In Blow-Up, the famous film version of a short-story written by Julio Cortázar, Antonioni put simply on stage something which must be considered as a key moment of photography and film-making.3

"A photogrpaher of the soul", "Fotograf der Seele”, was the comment in Die Chronik des Filmes, Berlin, 1986.We may add: of persons and things, of landscapes and paintings.

In the cover of a DVD edition for the German market, there is a comment by Michael Althen:

“If it is true that the greatness of a regisseur is based on the tenderness which he brings up to the world and the things therein, then the work of Antonioni belongs to the greatest of what the first century of cinema has contributed.”

 

What else? “Reality versus fiction, or versus the photographic perception (or biased reconstruction) of reality…”

At the same time: “The negative contains what has been captured by the camera…, the first “print” (positive) is a positive copy of the negative, but the next “prints” (blow up) are copies from a … copy. The furthest the blowing-up continues, the farthest the reality remains..    The more the photo becomes an "abstract painting"...

Also: “A photo is just one way of attempting to capture reality…”, “...of attempting to detain time...”

The mimics, who appear at the beginning, reappear at the end, coming to the park, where Thomas tries to understand what in fact did happen. They will “act” as if tennis balls and rackets were available, inviting Thomas to join the “fictionalised” game. Thomas does accept, “fiction can be understood as real, perhaps rather as an Ersatz des Wirklichen, a substitute of reality”. 

 

The greyness understood as an indecision between “reality” and “fiction”, as an indecision between “yes” and “no”. Thomas remains, so to speak, in the “grey”...

 

Final take: Thomas, alone with his camera, on the green. The sought-after, almost idolised fashion photographer is unable to decide whether what he saw on that very green was real, or whether it was just a construction of his imagination reverberated by the camera.


Sarah Miles (*1941), appears in a transparent red dress, the only woman in the whole film who wears such an attire, the woman whom Thomas secretly desires, perhaps...

One could assume that Antonioni took every step available to make the movie as “elusive” as possible, or perhaps rather he displayed his net of symbols (above all colours) as position-lights, so that everyone could risk his own interpretation. But is this a film to be interpreted? One example is the neon sign overlooking the park. What could that possibly mean?

 

It is important, because in the final scenes, Thomas will look at the sign, as if asking for an answer.

 


One possible interpretation is as follows:

“The camera's focus has been on Thomas. Now the camera's focus makes a quick shift so it includes the sign, as Thomas turns to look at it. The word in the sign doesn't make sense. Antonioni said he only put up the sign to provide light for the park's night scene and that he didn't want it to make sense to the audience. But I'm just not buying the construction of that huge neon sign only for the purpose of providing light.

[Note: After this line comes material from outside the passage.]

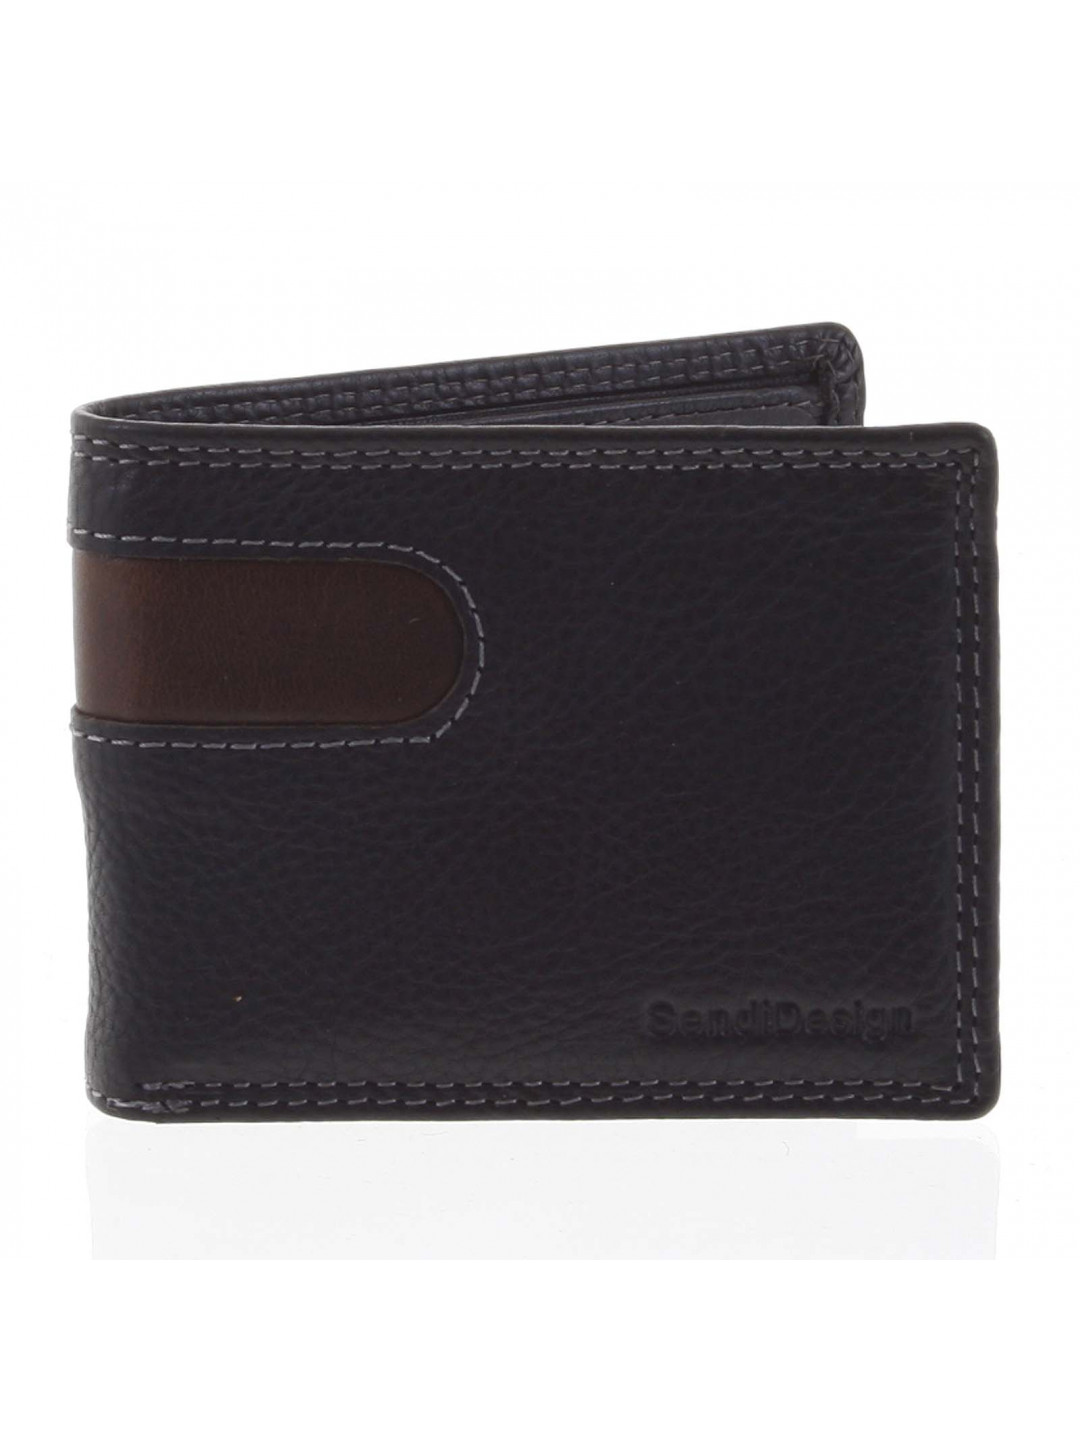 Pánská kožená peněženka na karty černá – SendiDesign Sinai

One may, however, see in the sign a gun. If the letters are FOA, or FO and an inverted V, then the F is as a gun, the O as a finger on the trigger, and the A or inverted V is the target.”4

But this is a possibility, unverifiable. 

Antonioni was also a writer, at times using his “literary notes” as a way of reflecting back on his films. By chance I stumbled some three years ago onto a carefully edited German version of a collection of short-stories, “Chronik einer Liebe, die es nicht gab” (Chronic of a love which never existed). That is the German title, taken from one of the stories, as the original Italian edition carries “Quel Bowling sul Tevere”, 1983, on the front cover. The English edition added a sub-title “Tales of a Director”. 

 



In one of those stories, the first-person narrator refers to a woman by saying:

“She has a face, which I will never become tired of looking at. Everything in her was worth admiring.”5

The same can be said of Blow-Up: “We will never get tired of watching it, again and again. Everything there is admirable”.

Grazie Mille, Maestro.

Berlin, IX MMXXIII.


1Pg. 2.

2Pg. 7.

3Nachruf, Vollender der Formen. Christina Nord, TAZ, 01.08.2007.

5 Chronik einer Liebe, die es nie gab, Wagenbach, 2012, Pg. 97.